Criss Angel – Believe – the Las Vegas Show

Since the Mindfreak shows were aired on A&E in 2005 and 2006, I always enjoyed watching Criss Angel shows. I think he is the best in his class.

So naturally, when I found out that they built an $85 million theater in the Luxor for a Criss Angel and Cirque du Soleil collaboration, I was eager to go and see the show.

Last Sunday we drove to Las Vegas with the sole purpose of going to the 10:00pm showing of Believe.

Fortunately, I didn’t read the reviews before. Here are a few samples:

They are absolutely AWFUL.

If I had read these reviews before booking, I would never have gone.

I actually enjoyed the show. It was an experience and adventure. Criss Angel staple tricks are appearing and disappearing, levitation and mentalism. He did some of that. He also did a few slight of hand tricks, like the classic pulling doves out of handkerchiefs. All of it done masterfully.

The Cirque du Soleil dancing and occasional acrobatics fit well within the story line and the music, as always, was superb and contributed in a large way to the experience.

One thing I found that was new was the clever way the show mixed video with reality. There were several occasions or stunts where characters walked onto the stage out of a screen, or walked or jumped from the stage into the screen. At one time, a flock of doves (lots of them) appeared to be flying out of a screen, right into the audience, to the back of the theater, where they disappeared.

There were also sequences where you could not quite tell  what was video and what was stage reality.
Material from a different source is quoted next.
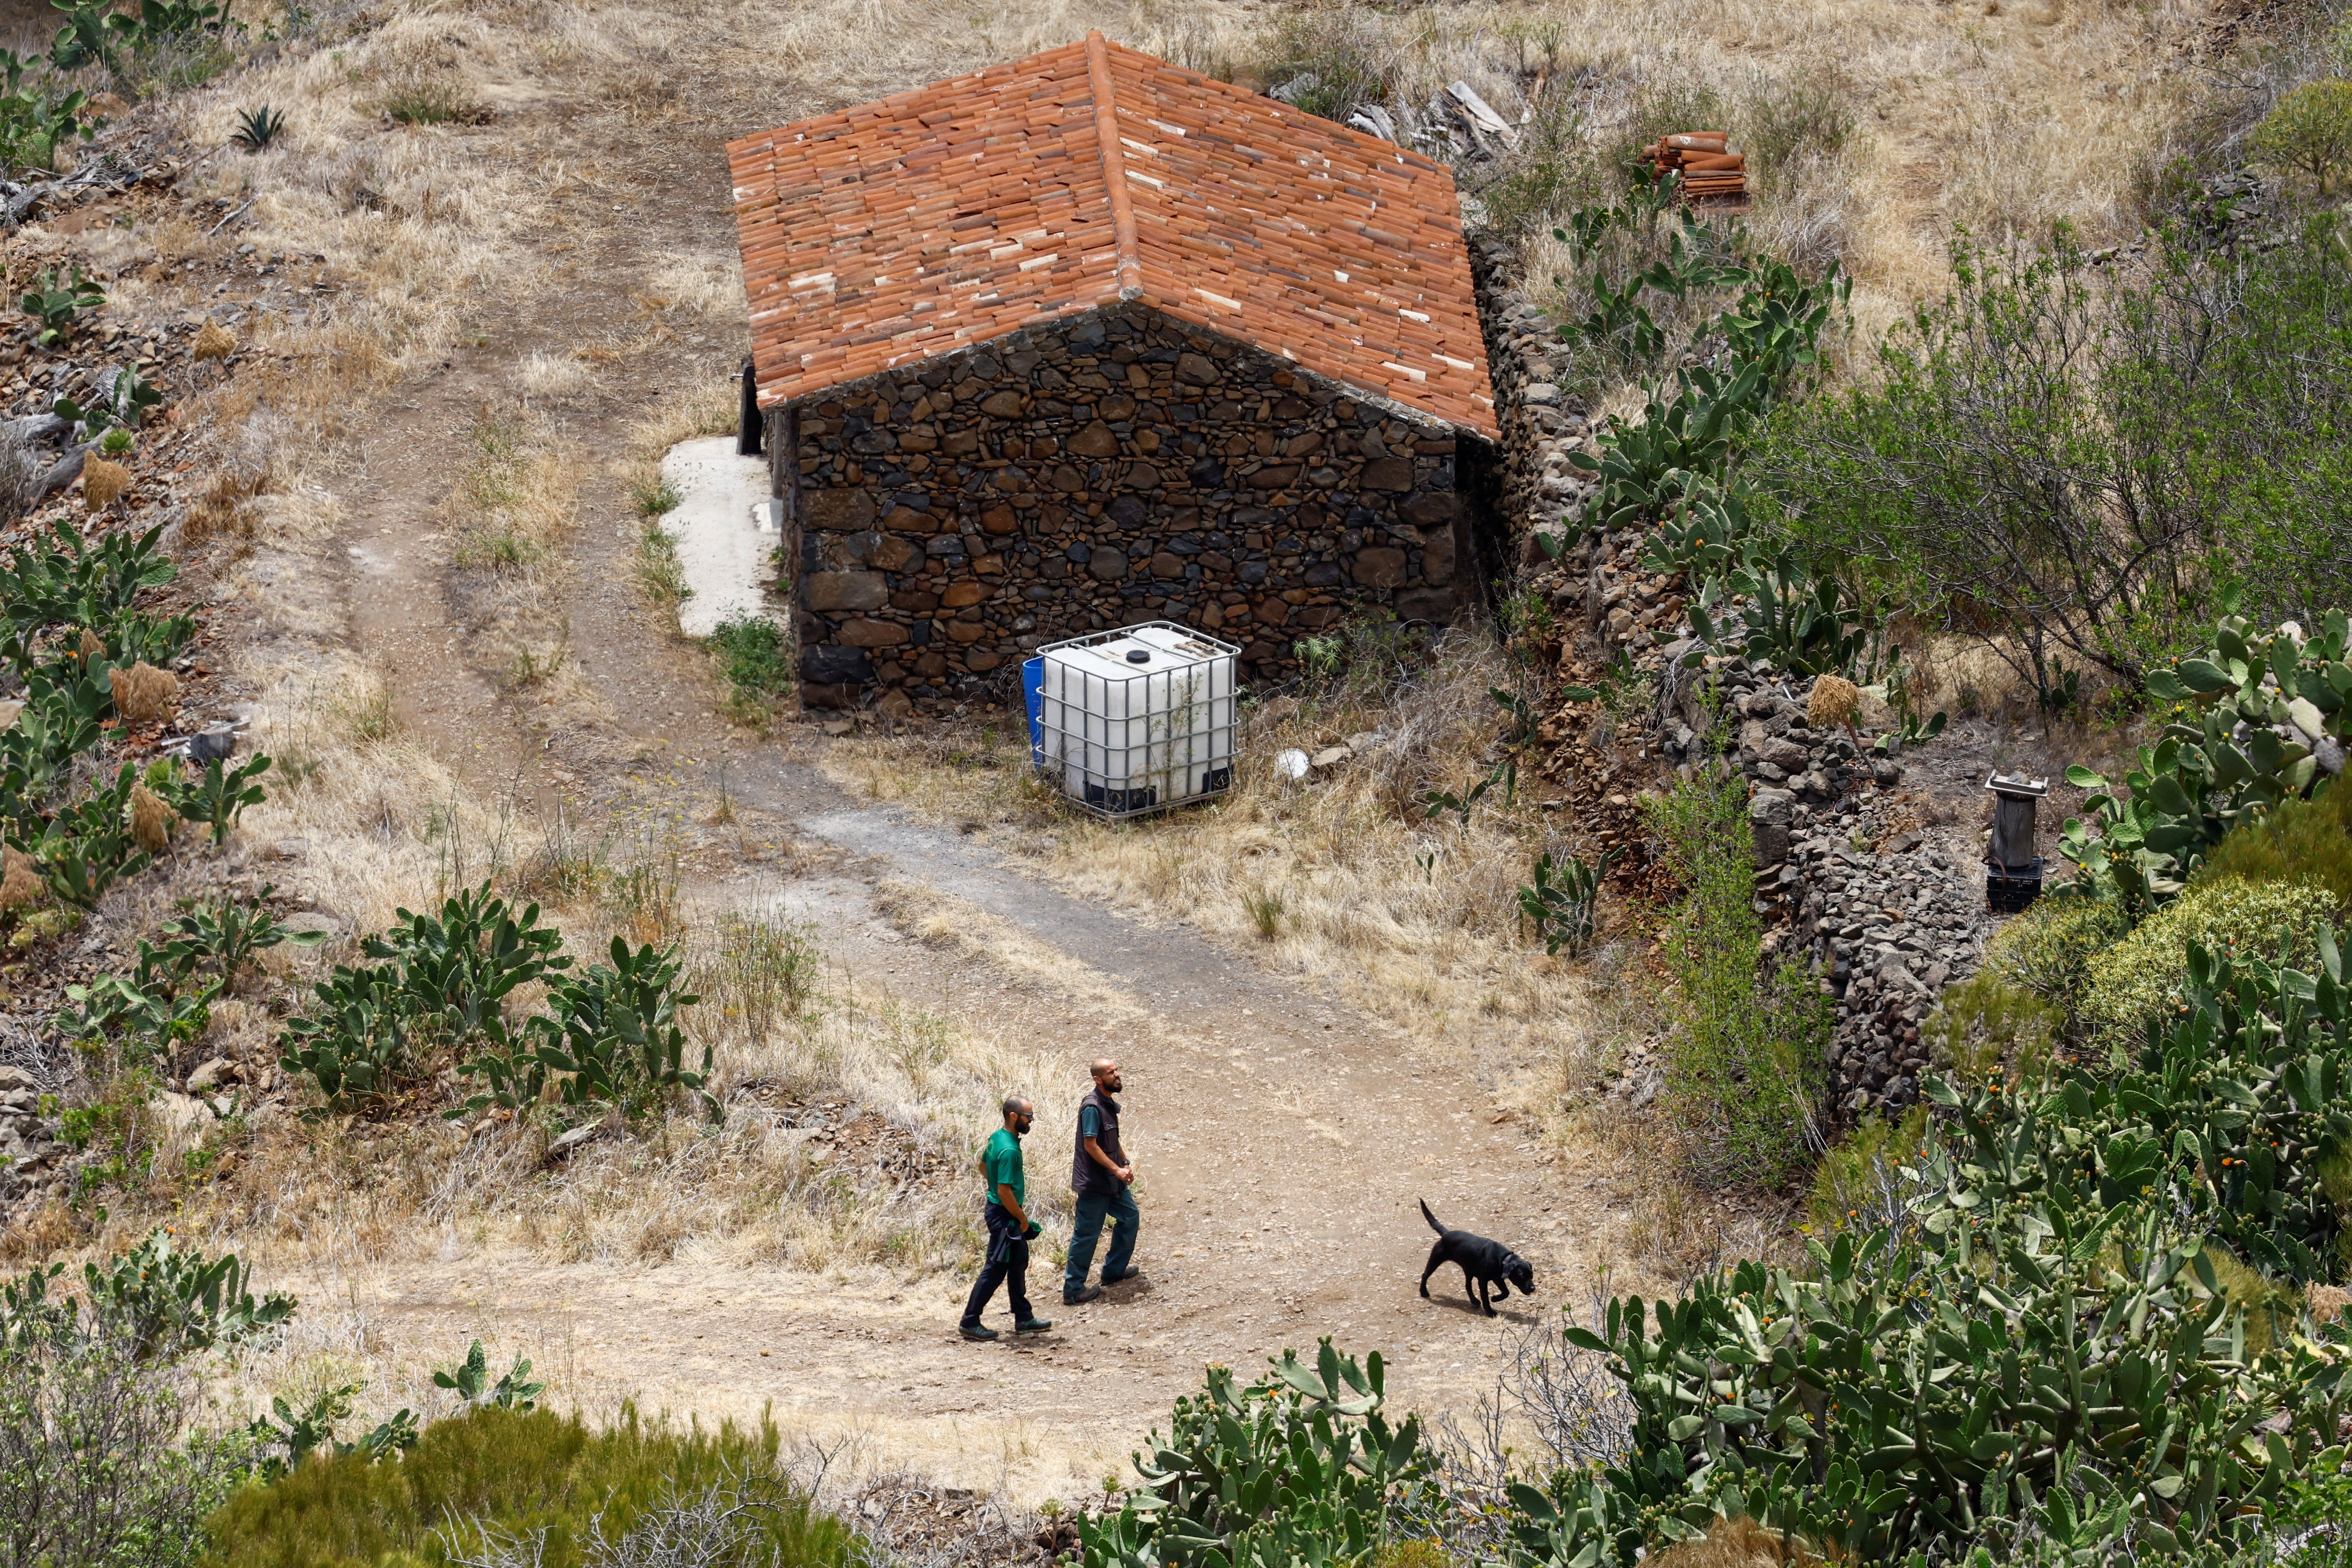 Police officers combing the Masca Valley in search of clues

When you see Criss Angel critics, bloggers or commentators, they often talk about how he “fakes” things by hanging from wires, or body doubles, etc.
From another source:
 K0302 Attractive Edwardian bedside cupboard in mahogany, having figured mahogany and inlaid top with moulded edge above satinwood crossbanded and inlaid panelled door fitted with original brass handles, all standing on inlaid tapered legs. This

HELLOOOO. This is an illusionist. When he is suspended from the air, or apparently walking on water or up a wall, he is hanging from SOMETHING.  How else would this be working. When he is performing a mentalist trick, he is not reading the person’s mind. He is simply using some trickery that has not occurred to you and he has diverted your attention from the trickery sufficiently to fool you. I also got a kick out of the people commenting about being able to see the cables suspending the human angles flying. Duh! This is Cirque du Soleil. Did they really think that we were going to think the angels actually flew?

On the other hand, of course, Criss Angel should have anticipated that, and not have an act of flying angels at all — they really didn’t add to the story and we could have been fine without it.

My main criticism was  that there was not as much magic as I would have liked. I saw David Copperfield a year or two ago live, and while I thought some of his stuff was dated, he did a lot more active magic and not so much fluff.

So yes, I can see how Believe might not have the 10 year contract lifetime, and how it might eventually flop, unless he cleans  up some of the rough edges and listens to the critics.

Because, after all, the reviews are absolutely miserable. And there must be some kernel of truth.